AssalamuAlaikum brothers and sisters in Islam, I am a Muslimah born and raised in Chicago. I would like to share my story of winning the fight against hatred, in the hopes that InshaAllah it will shed light into the hearts of others out there that are being bullied.
I was teased and rejected ever since I started school, and that was my first exposure to society. I remember spending my break time in 2nd grade crawling on the floor on all fours acting as a horse while a girl sat on my back and used my pony tail as a whip. I didn’t really care being used like that because I didn’t know what it meant to have a friend, so as long as I was keeping someone happy, I didn’t mind.
But the more I was made fun of and isolated, the more I began to realize that something wasn’t right about being the only one that was always treated unfairly. I am a sophomore in college now, and the bullying continued throughout elementary school, middle school, high school and even my first year of college. For years on end I was faced with bully after bully, but after looking back I realize the brilliance behind Allah’s plan: I’ve learned from the experience of going through my hardships while heading down the straight path, and also the wrong one.
Throughout middle school, I was given the strength by Allah SWT to carry on through years of isolation and bullying after placing my trust in Him. Later on in high school though, things started changing. I began to slip away from Islam and the trust I had placed in Allah SWT after being pulled in by the temptations of this world, and soon after I was faced with depression. Those were no doubt the hardest days of my life.
But what had the biggest positive impact on me was being in the company of the scholars during my first experience at ISNA. SubhanAllah, the way they carried themselves with such humbleness, and the peace and contentment that was evident on their faces was enough to show me that Allah SWT is all they needed to overcome any obstacle in life. That’s when I realized that without having Tawakkul, or faith in Allah’s plan, my life would continue to be a nightmare. So Alhamdulillah after coming across this valuable lesson in life, I was not only able to bring myself back to the path of Allah, but I am also looking forward to head down an exciting road that will allow me to fulfill my dream of rising up to the level of the Scholars InshaAllah.

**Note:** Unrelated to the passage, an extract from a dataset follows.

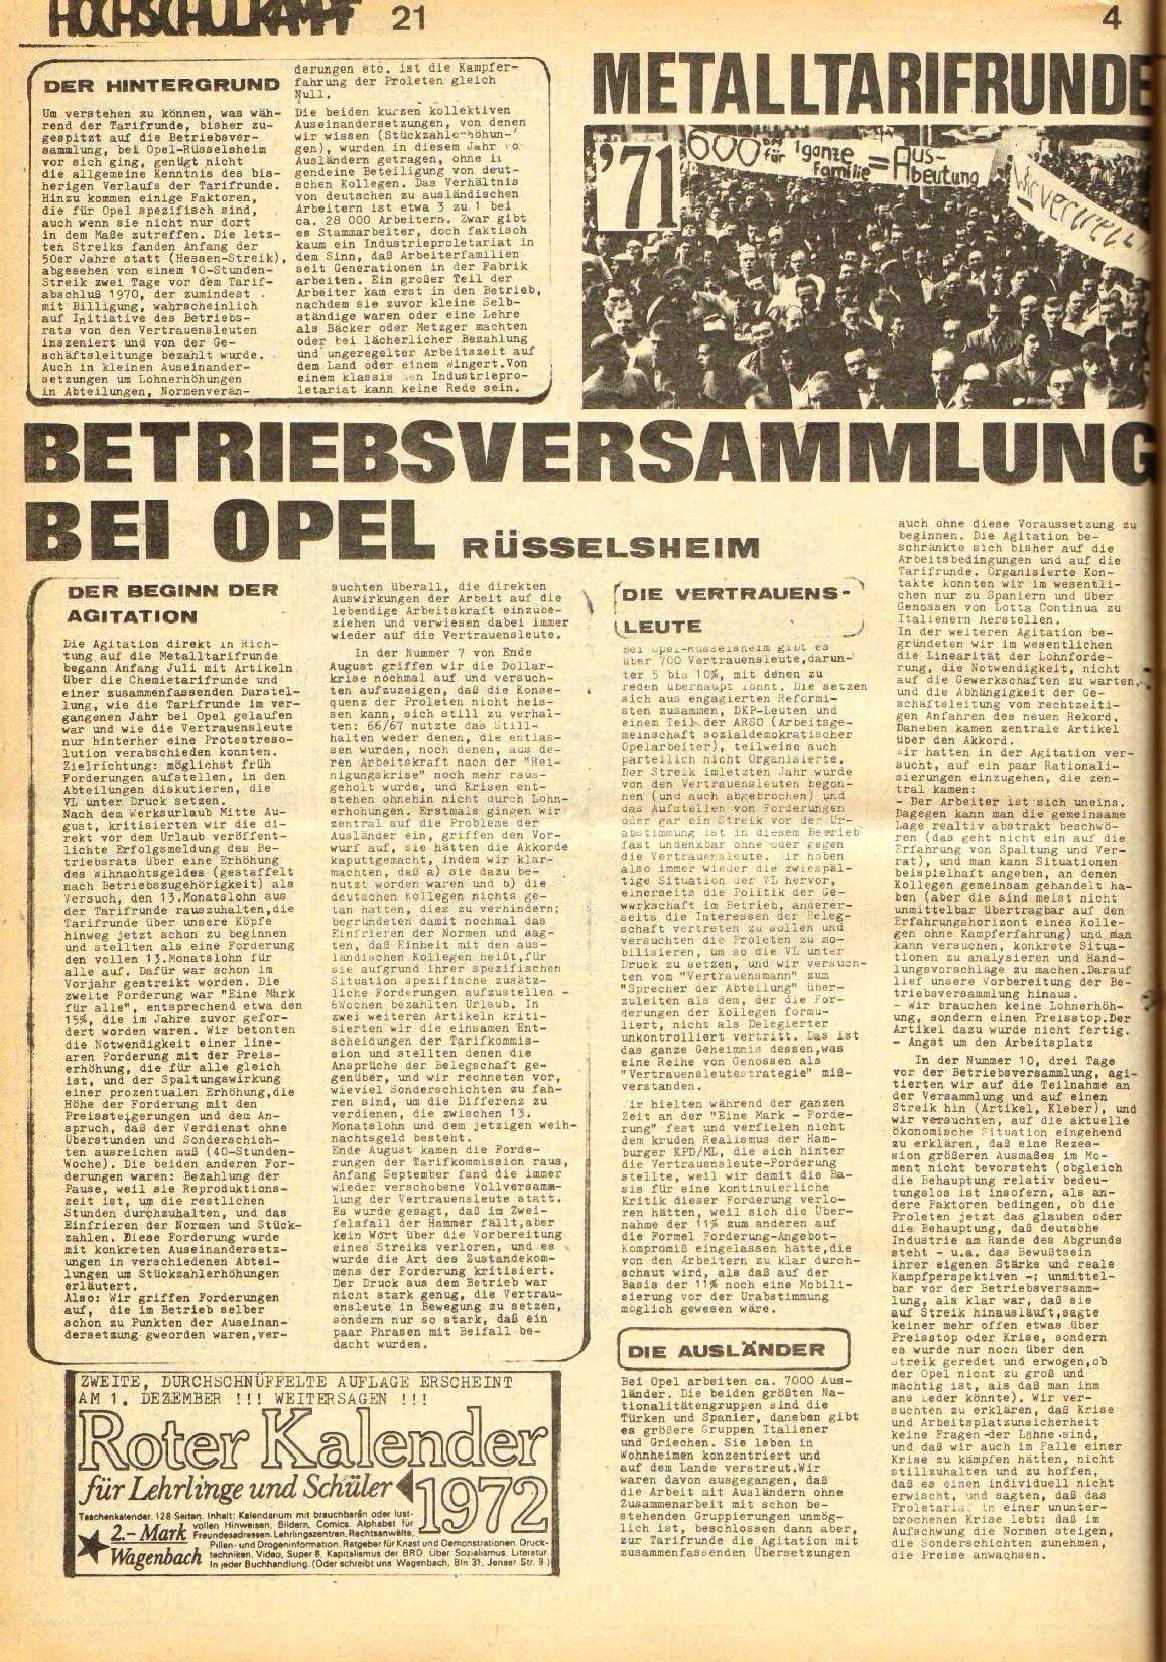 Berlin_Hochschulkampf_1971_21_06

Every person has their own story, their own hardships. And what makes us unique is how we choose to deal with it. Do we give in to our temptations in this dunya and fall into Shaytaan’s trap? Or do we put our trust in our Creator and turn to Allah SWT to help us get through it? I learned that the hard way, and over the course of many years, my self-esteem was fading away from being bullied over and over again.
But in the end I’m grateful for what Allah SWT has destined for me because this journey I’ve been through has made me proud of who I am today. Bullying is real, and the worst part is that almost all the people that put me down after middle school were Muslim. For the Muslims that don’t think twice about hating, this is a time when we need to come together and look out for each other. Islamophobia is real too, so don’t group yourself with the same people that are hurting this Ummah.
And for those brothers and sisters being bullied, my heart goes out to you. The best thing you could possibly do is to put your trust in Allah SWT and ask Him for the strength to carry on. Once you have His support InshaAllah you will be able to overcome anything.
There’s a quote I just came across last week that I find absolutely stunning: “The suffering that reminds you of Allah is much better for your soul than the blessing that leads you to forget Him. And once you realize that, even your hardships can’t break you.”
I think it’s time we show our hardships who’s boss. Stay strong my friends! Peace and love to all.